Summary of Contributions
Data-perspective understanding. We understand the generalization benefit of model invariance via characterizing the sample-dependent properties of data transformations. We introduce the notion of sample cover induced by data transformations and establish connections between the small sample covering number of data transformations and the small generalization bound of invariant models. Since this general connection requires a strong assumption on data transformations to be instructive, we relax the assumption by further assuming the Lipschitzness of model class to get a refined generalization bound. To understand the generalization benefit of model invariance in a more interpretable way, we also consider linear model class and show that the model complexity of invariant models can be much smaller than its counterpart, depending on the sample-dependent properties of data transformations.
Guidance for data transformation selection. To guide the data transformation selection in practice, we propose to use the sample covering number induced by data transformations as a suitability measurement to estimate the generalization benefit for invariant models.This measurement is model-agnostic and applies generally to any data transformation.We also introduce an algorithm to estimate the sample covering number in practice.

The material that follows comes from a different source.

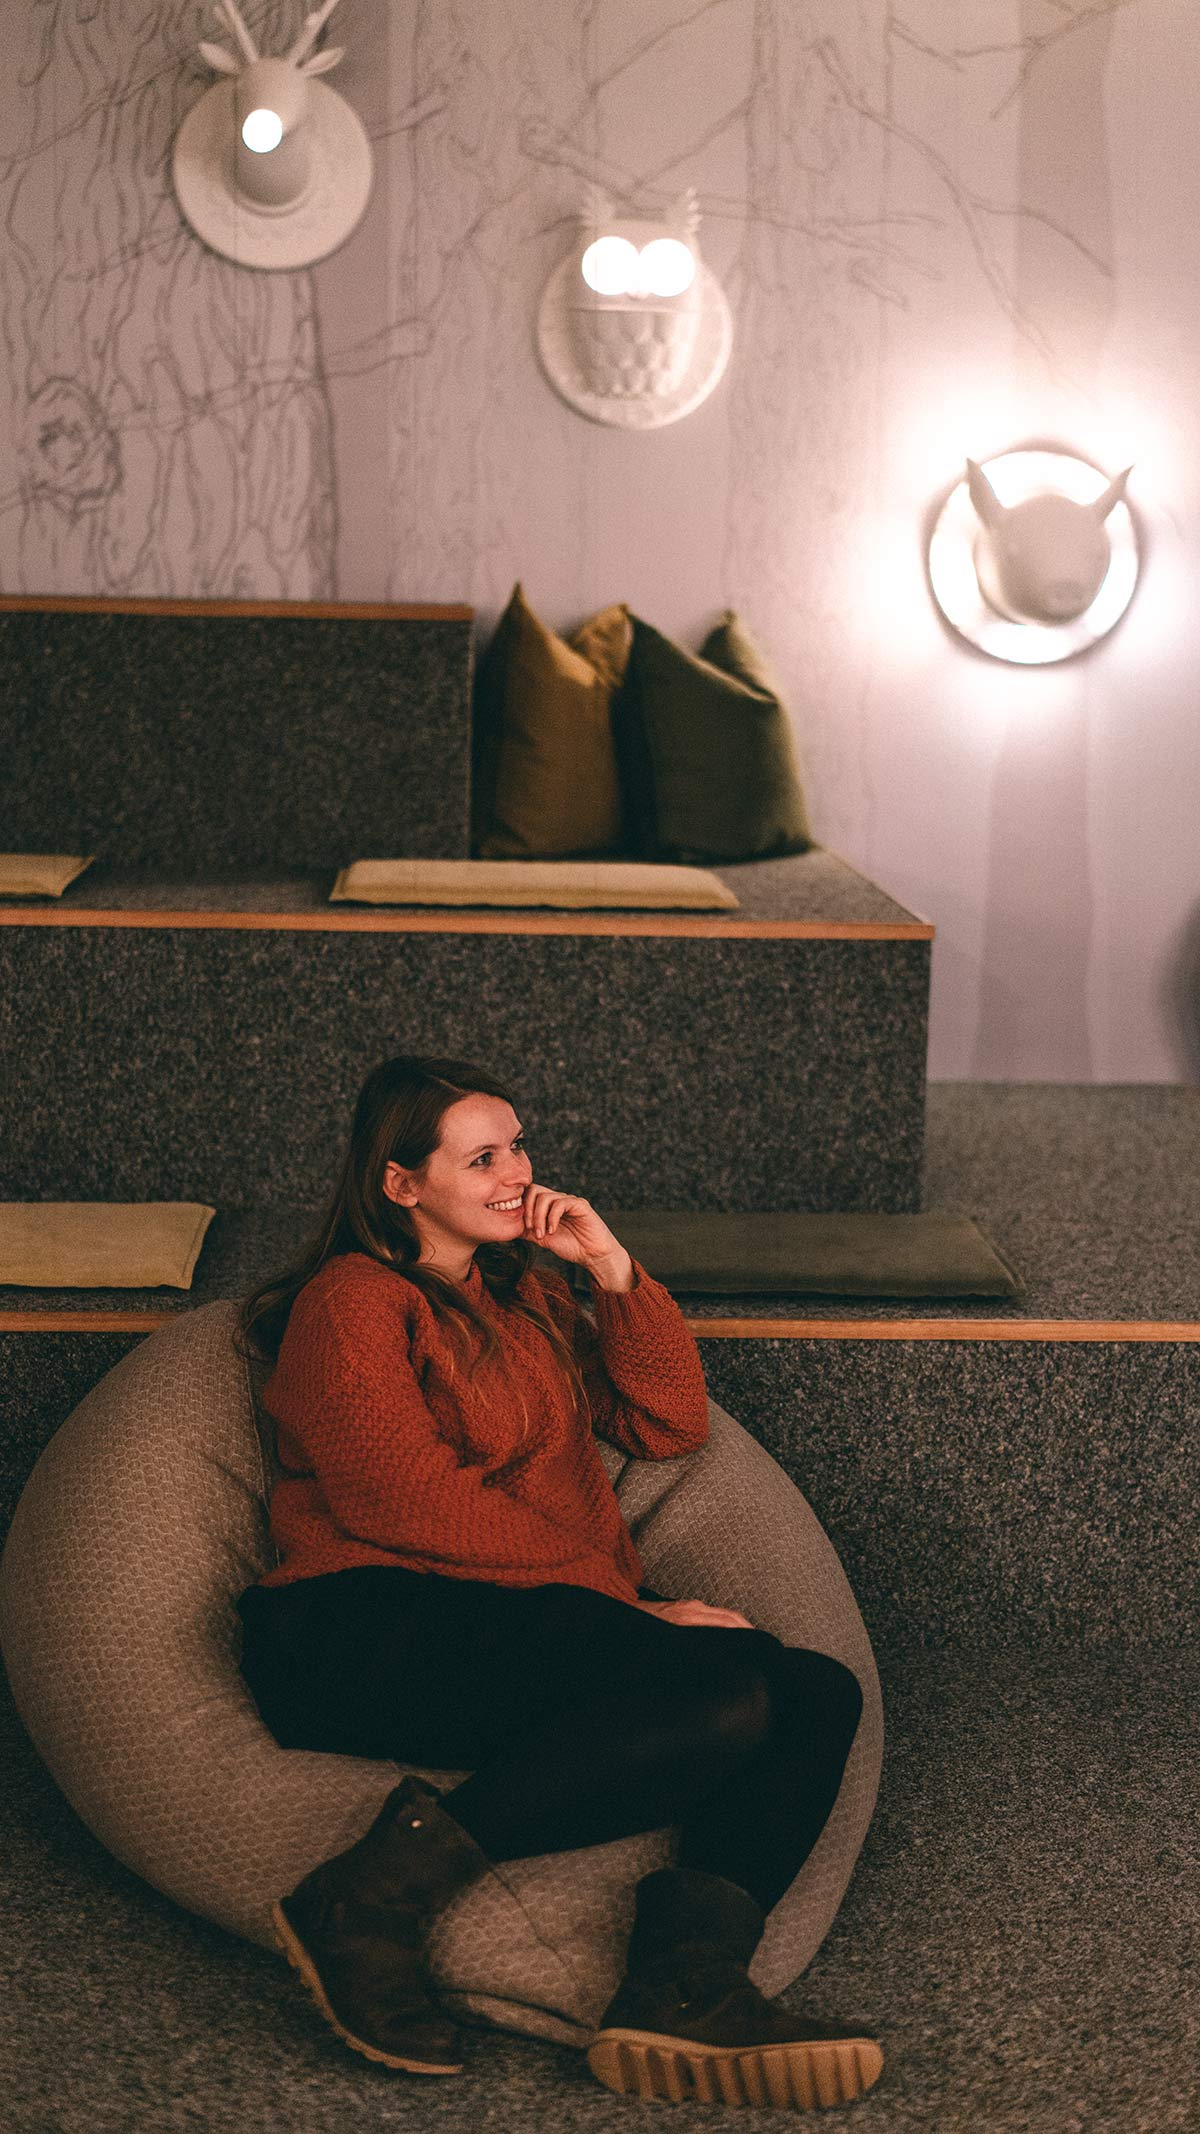 Hotel Tofana Alta Badia Medienraum Gemeinschaftsraum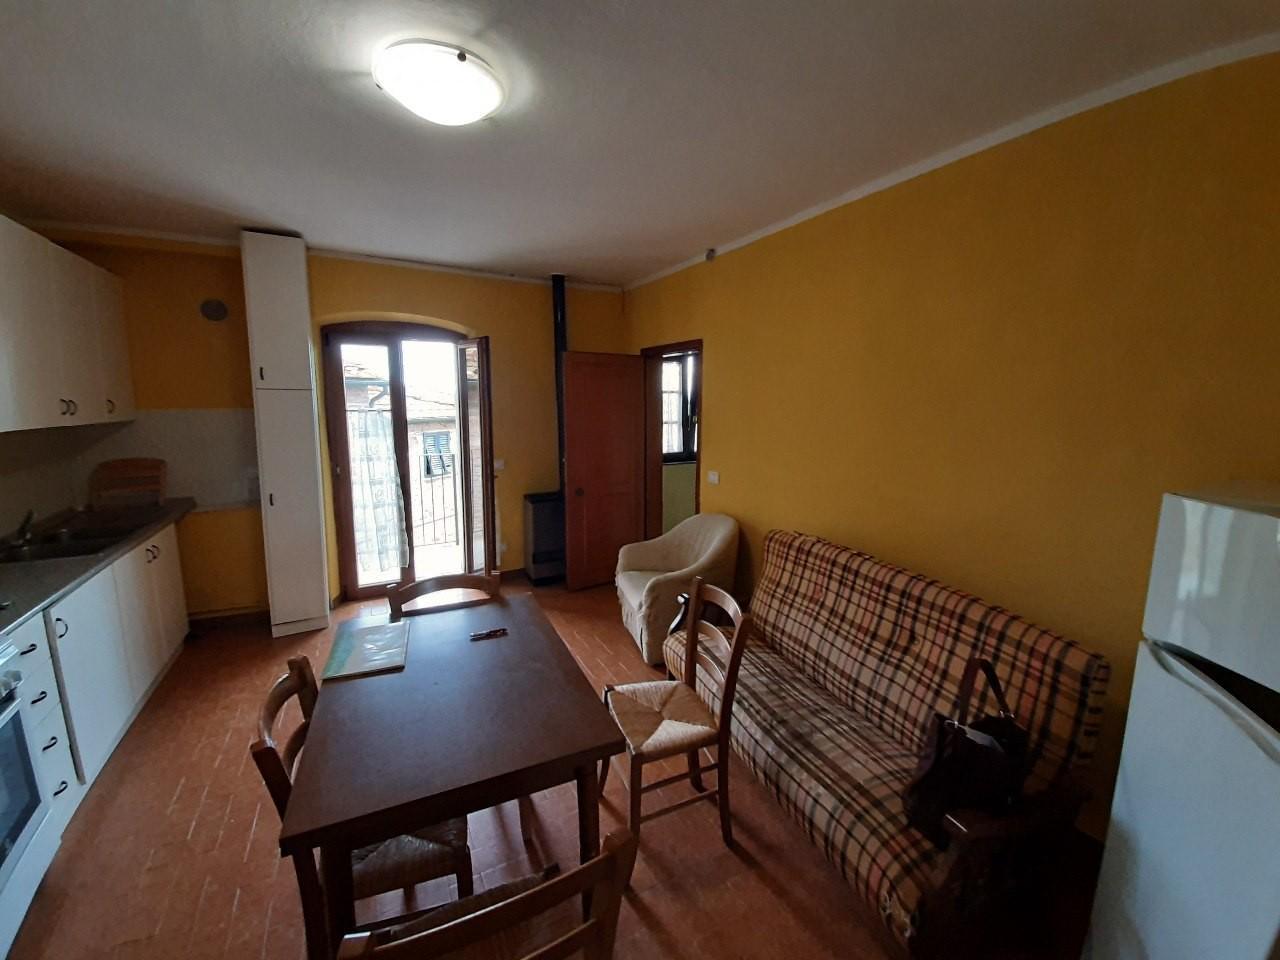 Appartamento in vendita a Peccioli, 3 locali, prezzo € 35.000 | CambioCasa.it

Empirical evaluations. We empirically estimate the sample covering number for some common data transformations on CIFAR-10 and ShapeNet (a 3D-dataset) to evaluate their potential generalization benefit. The 3D-view transformation renders smaller empirical sample covering number than others by a large margin on ShapeNet, while cropping is the most favorable among others. Then, we do invariant model training under those data transformations by data-augmentation and invariance loss penalization to evaluate the actual generalization benefit for invariant models. Results show clear correlation between smaller sample covering numbers of data transformations and better generalization benefit for invariant models.